C and C++ both forbid arithmetic on "void *", so a diagnostic is
required. (Incidentally, note that gcc by default compiles a
different language from C, in which "void *" arithmetic *is* allowed,
and you have to supply special compiler flags to get it to complain
as the C Standards require.)
Clearly E.D. meant:
(void *)(Dev.tConf + i)
which is considerably closer to correct, and even compiles. But
this still suffers from undefined behavior. As you may or may not
recall by now 
the tConf member has type "array 2 of array 12
of ...", but the variable "i" is going to run from 0 through 23
inclusive. The only valid subscripts for tConf are 0 and 1, and
a pointer of type "pointer to array 12 of ..." steps forward by
units of "array-12-of" (as illustrated at the above URL), so when
you add 2, you point just past the end of the object. C does allow
such a pointer as a special concession, but then i goes on to become
3, and C does not define the result of this computation. A very
few (perhaps even "no", today) C compilers will catch the error at
runtime, to prevent you from getting the wrong answer fast. (Most
C compilers will just give you the wrong answer fast though. For
some reason, most people seem to prefer to get wrong answers as
fast as possible, rather than having a slightly slower system catch
such errors.)
If one were to change the loop to read:
for (i = 0; i < 2; i++)
printf(" addr : %p\b", (void *)(Dev.tConf + i));
then this final version would be correct and would do something
reasonably well defined.
printf("===FIRST PRINT END ===========\n");
printf("===SECOND PRINT BEGIN ===========\n");
for (i = 0; i < 2; i++)
for (j = 0; j < 12; j++)
printf(" addr : 0x%x \n", Dev.tConf[j]);
Here the subscripts are valid -- the tConf member (still) has type
"array 2 of array 12 of struct T_USER_DATA", and "i" and "j" are
always in range -- but once again, this passes an entire "struct"

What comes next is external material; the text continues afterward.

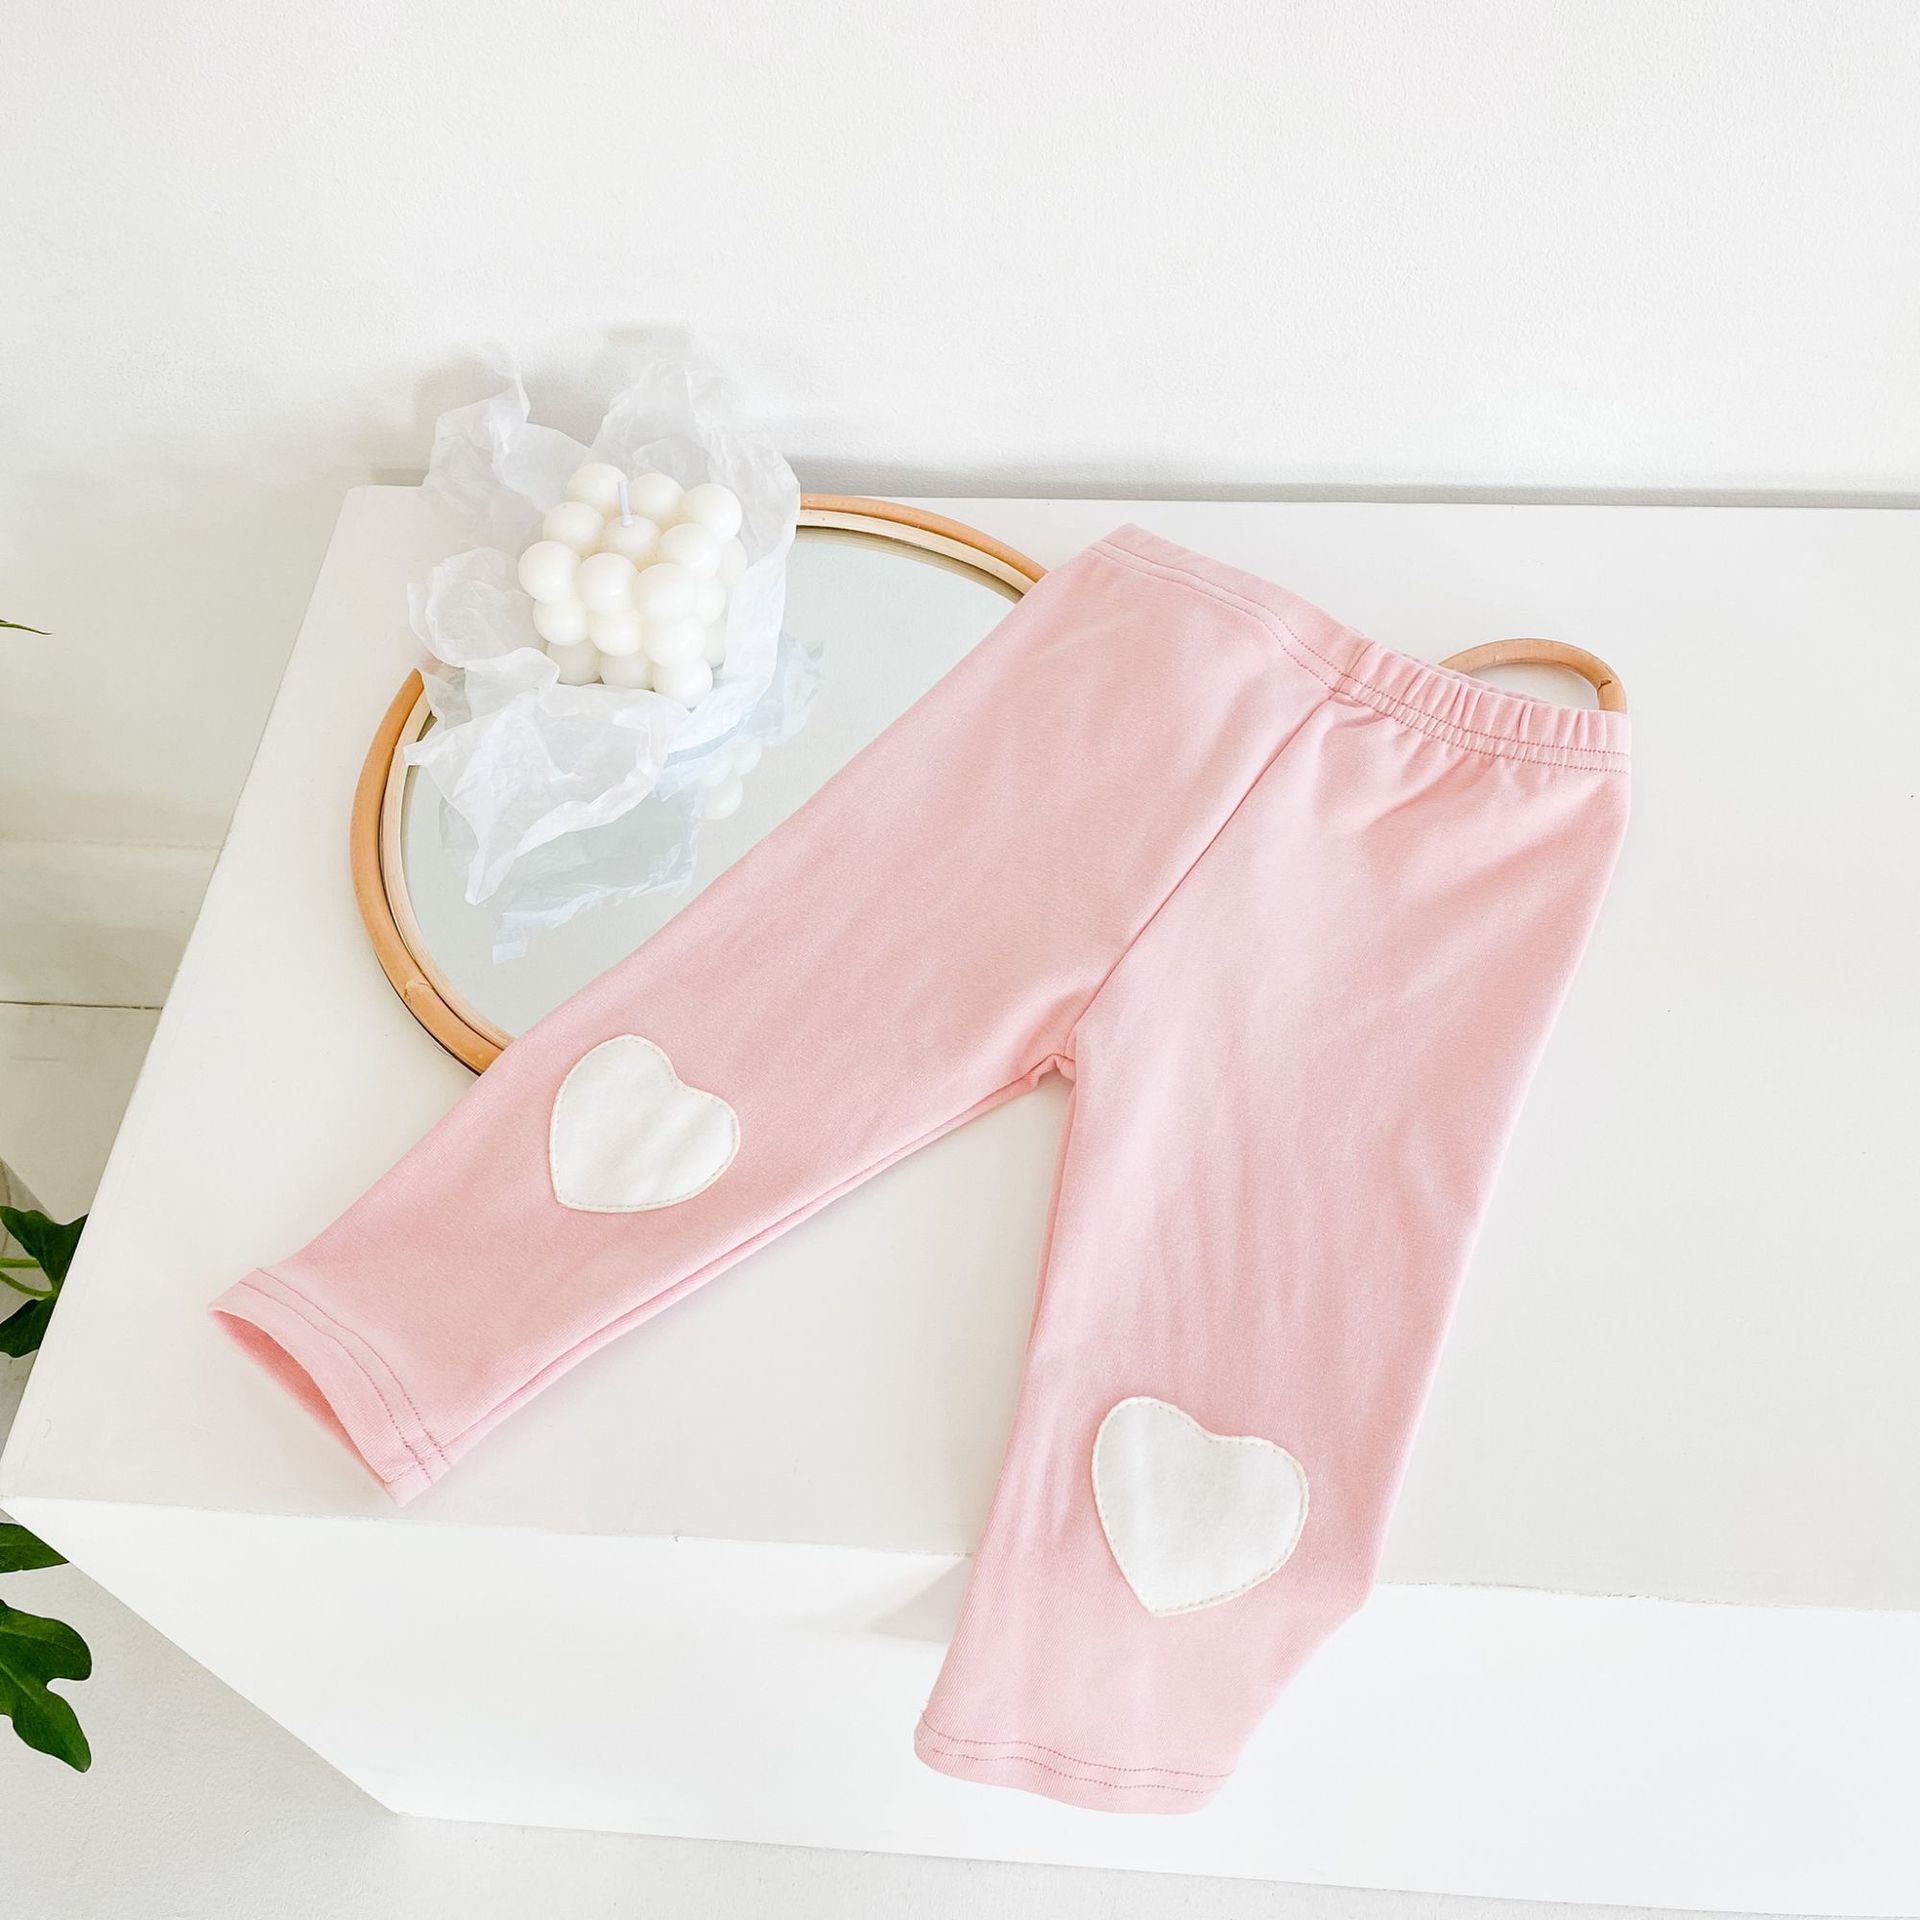 Ghette neonati: Tipi di pantaloni

value to printf() when printf() is expecting an unsigned int, so
the effect is undefined. E.D.'s correction again suffers from
misplaced (or missing) parentheses, so that the "void *" binds
to the wrong sub-expression:
printf (" addr : %p\n", (void*) Dev.tConf + j);
but this is easily fixed:
printf(" addr : %p\n", (void *)(Dev.tConf + j));
As always in C, array objects in "value contexts" fall under The
Rule, and since Dev.tConf is an array object, and the "+"
(addition) operator needs values, we must apply The Rule. Since
Dev.tConf has type "array 12 of struct T_USER_DATA", the "value"

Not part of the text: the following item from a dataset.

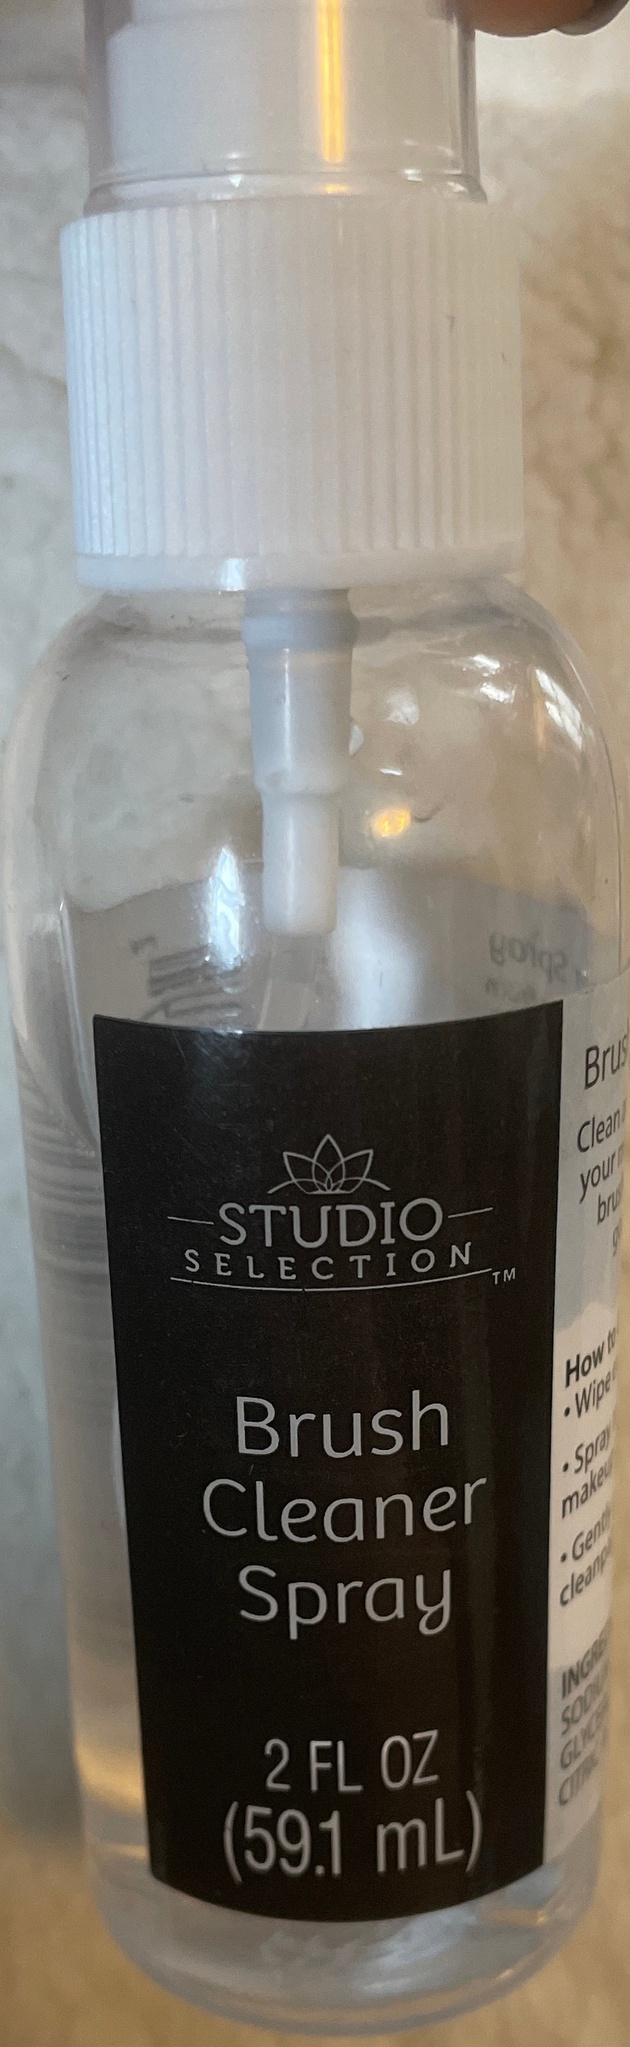 Studio Selection Brush Cleaner Spray

of this is a pointer of -- what type? As always, we must discard
the integer N (12) and keep the type T (struct T_USER_DATA). We
get a pointer of type "pointer to struct T_USER_DATA", pointing
to the first element of the array, i.e., &Dev.tConf[0].
Note that we could equally write:
printf(" addr : %p\n", (void *)(&Dev.tConf[0] + j));
Moreover, because pointer addition moves forward by "whole
object" units (as determined by the type of the thing to which
the pointer points), we could also write this as:
printf(" addr : %p\n", (void *)(&Dev.tConf[j]));
and now the final parentheses are redundant (casts bind less
tightly than & and [] operators), so this is just:
printf(" addr : %p\n", (void *)&Dev.tConf[j]);
The cast *is* required in all cases, though, because C's %p format
directive needs a value of type "void *". In C++, there are no
automatic, cast-free conversions to and from "void *", and even in
C, this particular parameter matches up with the ", ..." part of
printf()'s prototype, so the cast is still needed.